- Born: August 7, 1840 Atkinson, New Hampshire
- Died: September 28, 1910 (aged 70)
- Place of burial: Atkinson, New Hampshire
- Allegiance: United States
- Branch: United States Army
- Rank: First Sergeant
- Unit: 7th New Hampshire Volunteer Infantry
- Conflicts: American Civil War
- Awards: Medal of Honor

= George P. Dow =

U.S. Medal of Honor recipient

George Parsons Dow (August 7, 1840 – September 28, 1910) was a Union Army sergeant in the American Civil War, notable for receiving the Medal of Honor.

==Birth==
Dow was born on August 7, 1840, in Atkinson, New Hampshire, and was living in the city of Manchester when he joined the Union Army.

==Military career==
Dow's identity badge is in a well known private collection.

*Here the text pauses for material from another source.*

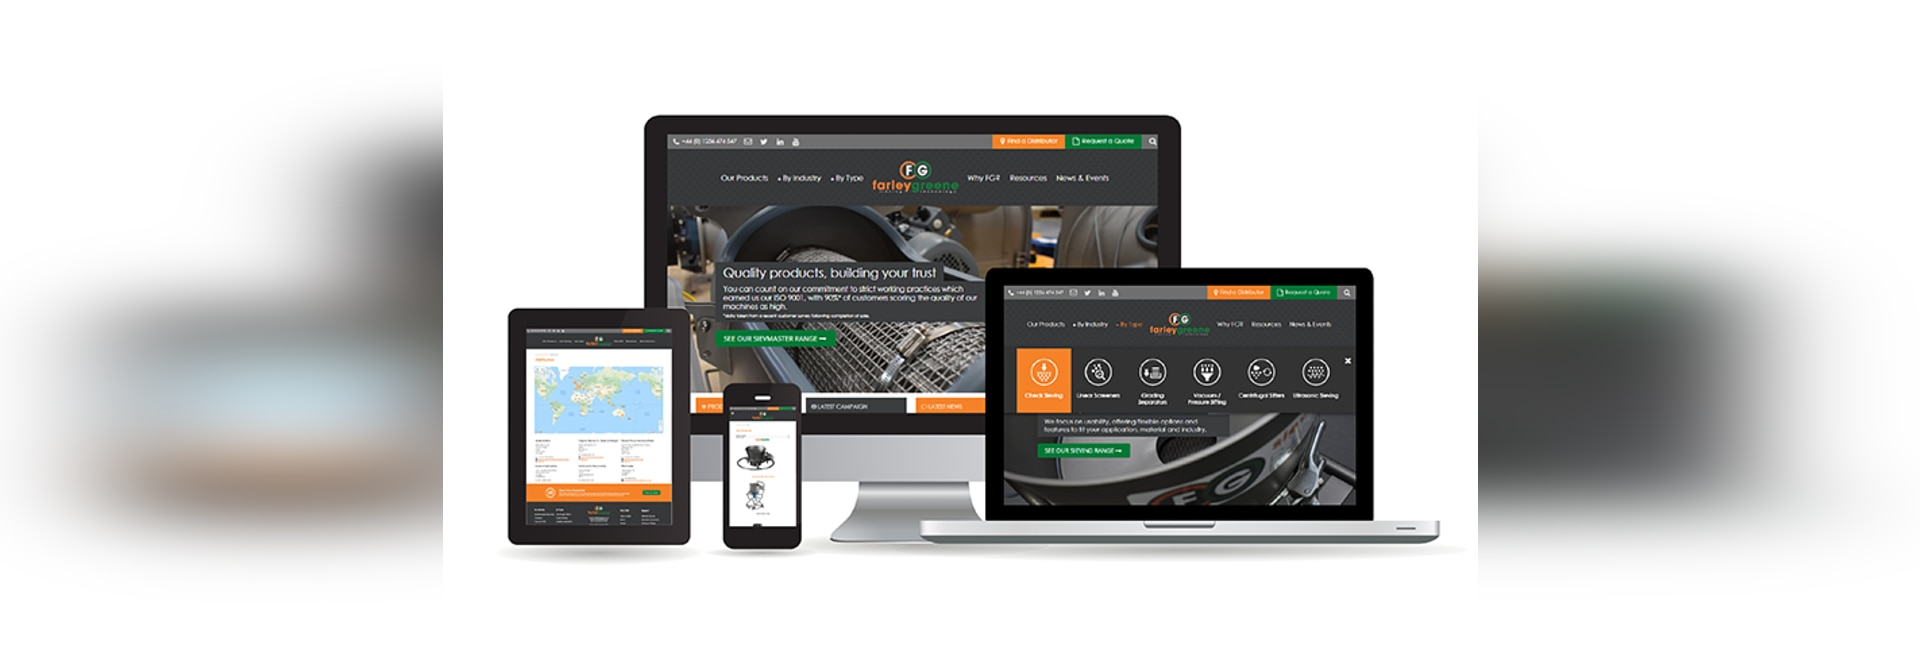 Farleygreene Launches New Website

He was a member of the 7th New Hampshire Volunteer Infantry, Company C, and received the Medal of Honor for "Gallantry in command of his company during a reconnaissance toward Richmond."

This mission occurred in October 1864. The 7th New Hampshire stood in a single line so that they could see the enemy and collect information regarding the strength of the Confederate defense. Dow later described his experience:

"Advancing, we came to a large stream and a bridge over which I led my company. We marched on, but the cannonading was so terrific that we could not hear the bugle from which we were to take orders. Still we advanced till we came to a clearing and presently found ourselves in front of the rebel breastworks mounted with guns and large bodies of infantry lying behind them. For some reason or other the enemy did not open on us. We halted and it was then that I made the startling discovery that my company had been separated from the regiment, which, as I afterward learned, had stopped at the stream. There was but one way out of our dangerous situation; we had to retreat. I gave the order, but in the roar of cannons and the smoke of firing we became confused and we missed the bridge and had to swim the stream. After thus crossing the water we marched for some distance and finally arrived at a farm house, where we found a woman apparently only too willing to help us find our way. 'Which direction has our line of battle taken?' I asked her. She pointed toward Richmond. I knew she was not telling the truth and took my company in an opposite direction. A little later we met one of our aides, who warned us that we were in danger of being gobbled up by the enemy's cavalry, so we started at a double quick and found the regiment drawn up in the woods. My company in this advance had got nearer to Richmond than any Union troops had yet done, and the information we brought back was of great importance to the Army of the James."

==Death==
He died at age 70 on September 28, 1910, and was buried in his hometown of Atkinson, New Hampshire.